I spent some more time hacking on this, to try to improve the
situation for 32-bit builds. One of the biggest factors was the 64-bit
division that is necessary during carry propagation, which is very
slow -- every compiler/platform I looked at on godbolt.org turns this
into a call to a slow function like __udivdi3(). However, since we are
dividing by a constant (NBASE^2), it can be done using the same
multiply-and-shift trick that compilers use in 64-bit builds, and that
significantly improves performance.

Unfortunately, in 32-bit builds, using 64-bit integers is still slower
for small inputs (below 20-30 NBASE digits), so in the end I figured
that it's best to retain the old 32-bit base-NBASE multiplication code
for small inputs, and only use 64-bit base-NBASE^2 multiplication when
the inputs are above a certain size threshold. Furthermore, since this
threshold is quite low, it's possible to make an additional
simplification: as long as the threshold is less than or equal to 42,
it can be shown that there is no chance of 32-bit integer overflow,
and so the "maxdig" tracking and renormalisation code is not needed.
Getting rid of that makes the outer multiplication loop very simple,
and makes quite a noticeable difference to the performance for inputs
below the threshold.

In 64-bit builds, doing 64-bit base-NBASE^2 multiplication is faster
for all inputs over 4 or 5 NBASE digits, so the threshold can be much
lower.
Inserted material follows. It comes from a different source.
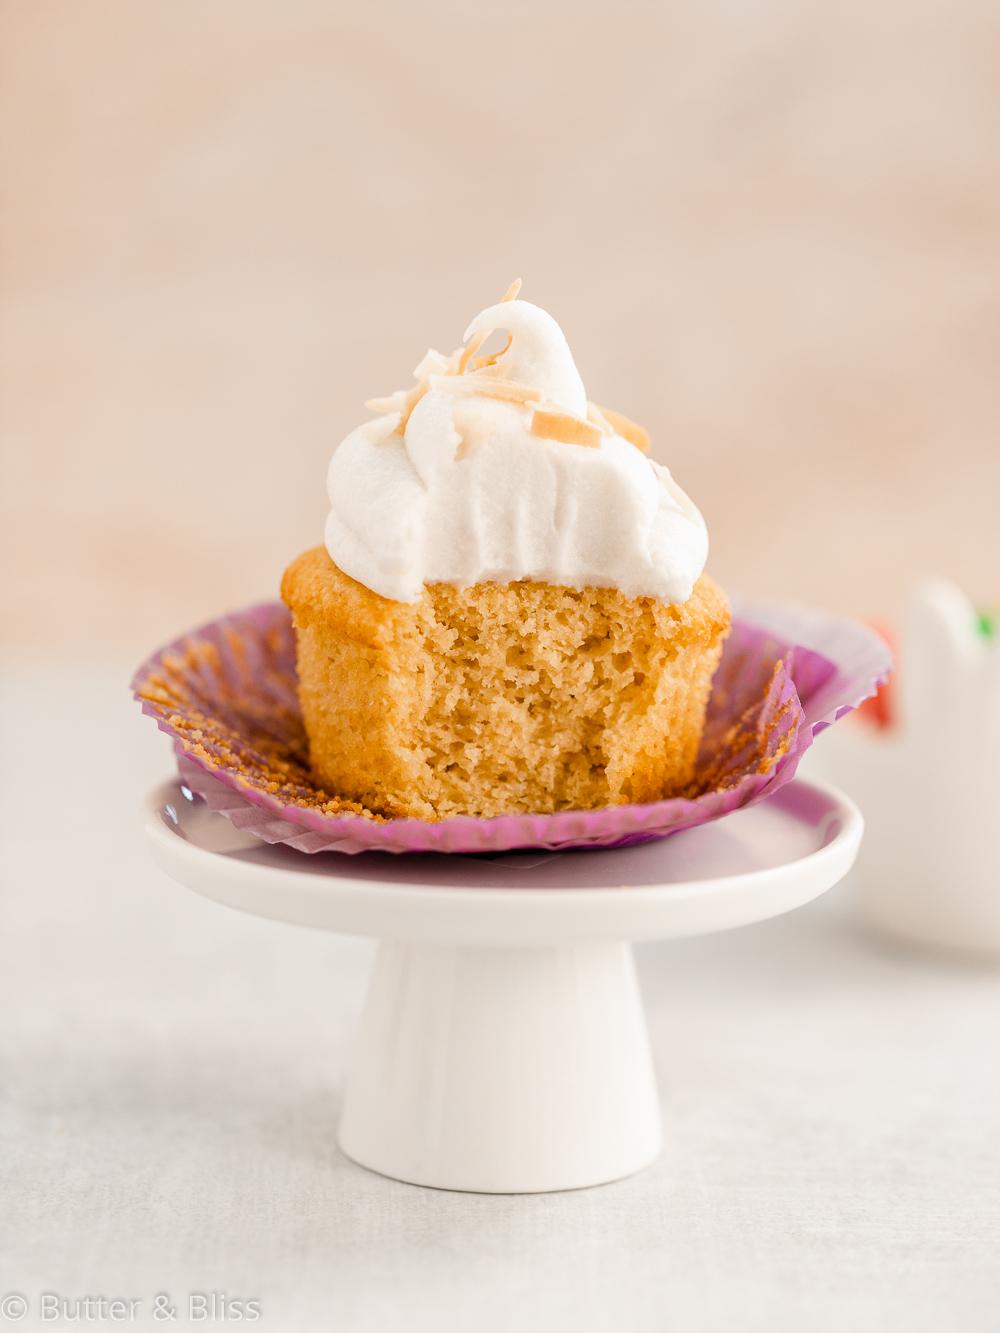 Gluten free vanilla cupcake with a bite

However, for numbers near that threshold, it's a close thing,
so it makes sense to also extend mul_var_small() to cover 1-6 digit
inputs, since that gives a much larger gain for numbers of that size.
That's quite nice because it equates to inputs with up to 21-24
decimal digits, which I suspect are quite commonly used in practice.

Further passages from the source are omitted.